Good Morning on this Fine October Day.  Always at this time of year, I am drawn to cemeteries.  The impulse has deep roots.  I am of German, Irish, and English extraction and the ancient Celts celebrated a holiday called Samhain (pronounced Sowain) when the gap between the plenty of summer and the dark deprivation of winter made an opening between life and death and people communicated with their lost loved ones. 

South of the border, people celebrate The Day of the Dead around this time of year as well, maintaining the connection between living loved ones and those who have departed for the mysterious realm after death.  They suggest visiting the graves and visiting the loved ones there, a cup of tea, a glass of wine, a little conversation, some flowers - at home, photographs arranged in a little shrine to remember.

All Hallow's Eve - as with  many folk traditions, when the Christian religion conquered the predecessors, for better or worse (the better is the stopping of sacrifice of animals and people to hungry gods - the worse is the burning of alleged witches and the Spanish Inquisition not to mention persecution of other religions) anyhow, they overlaid Samhain with All Saints Day to celebrate and honor the martyrs to the faith and the saints. 

Anyhow, I make my pilgrimage to Harleigh Cemetery to see Walt Whitman's tomb and also to honor the old art of cemetery landscape design.  If you haven't been to Laurel Hill, you should go, if it is too far, go to Harleigh, a very beautiful place for your final rest.  Harleigh is over a hundred years old. located on the Cooper River.  I take Haddon Avenue over 130 into Camden and just befor Our Lady of Lourdes Hospital, the gates to Harleigh can be seen   Other luminaries on the fine color map they gave me at the visitor's center include some names I don't know as well as those I do:
Colonel Sewell, Mother Bloor, Senator Baird
To make a fun day of it, you may want to stop for lunch at the Cooper House on Cooper River in Collingswood, then walk around the river, and visit the cemetery afterwards. 

By the way, there are still sites available if you haven't booked your final resting place yet:  856-963-3500, address 1640 Haddon Ave., Collingswood, Cmden, NJ

By the way, I already visited Peter J. Murphy's grave on Labor Day`and over the summer I visited my Lyons family graves in Beverly.
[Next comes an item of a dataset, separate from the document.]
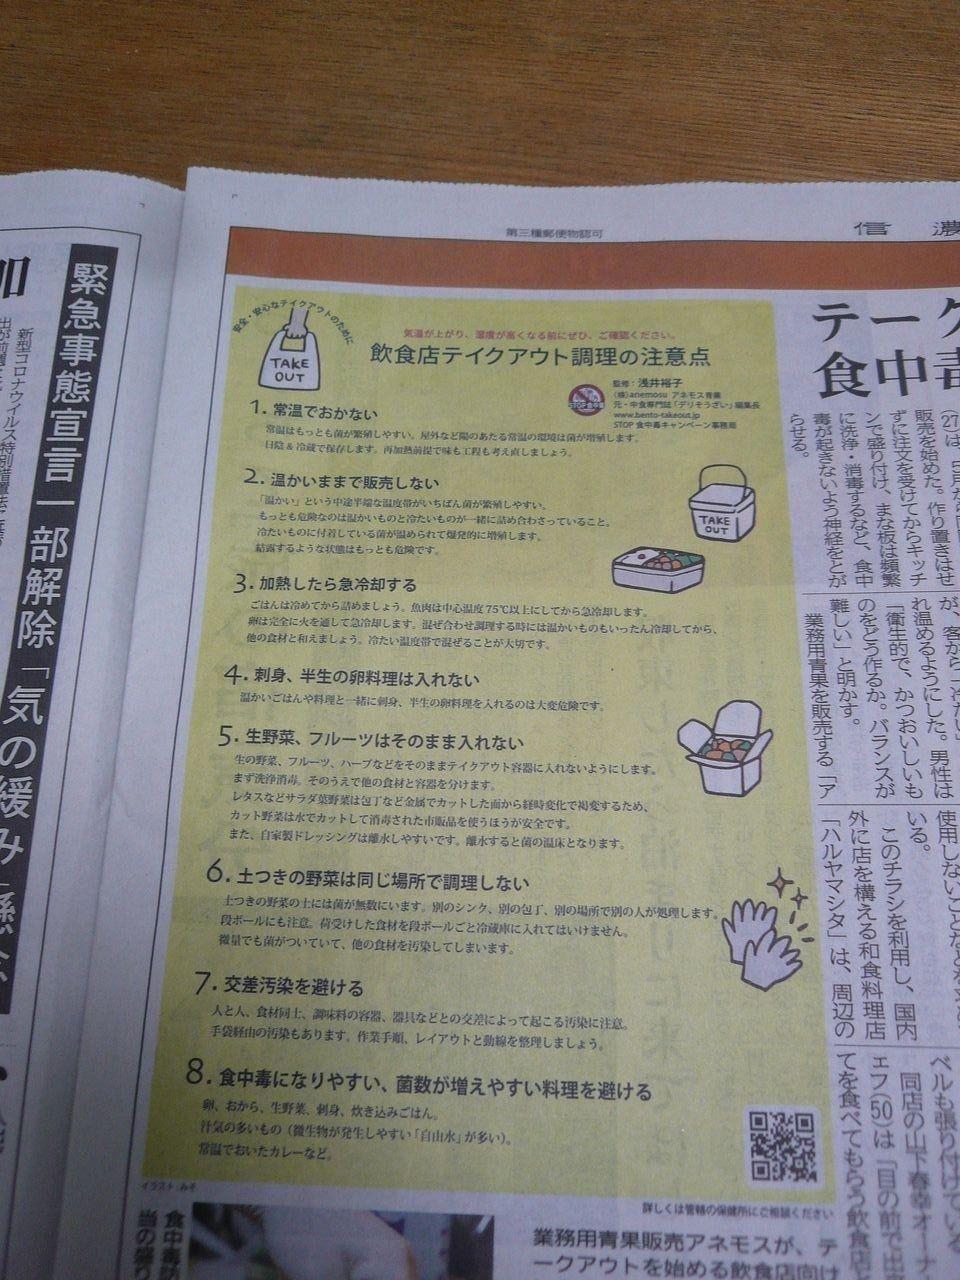 今日は新聞からの話題ですヽ(・∀・)ノ新型コロナウイルスの影響もあり、今やあちこちの店舗が導入しているテイクアウト。これからの季節の課題は、食中毒への注意です✩

Another nice cemetery near Collingswood is off Collings Ave, make a left if traveling towards Rt. 130, just past the railroad tracks, at the old Railroad Station (another interesting building to admire) and with the little one t-he=room Champion School on the right side.  Here are the graves of the early Irish Quakers who settled the Newton Creek area, as well as the graves of soldiers from the Revolutionary War, the Civil War and up.  I found this one through the excellent article by Hoag Levins a the Camen County Historical Society web site.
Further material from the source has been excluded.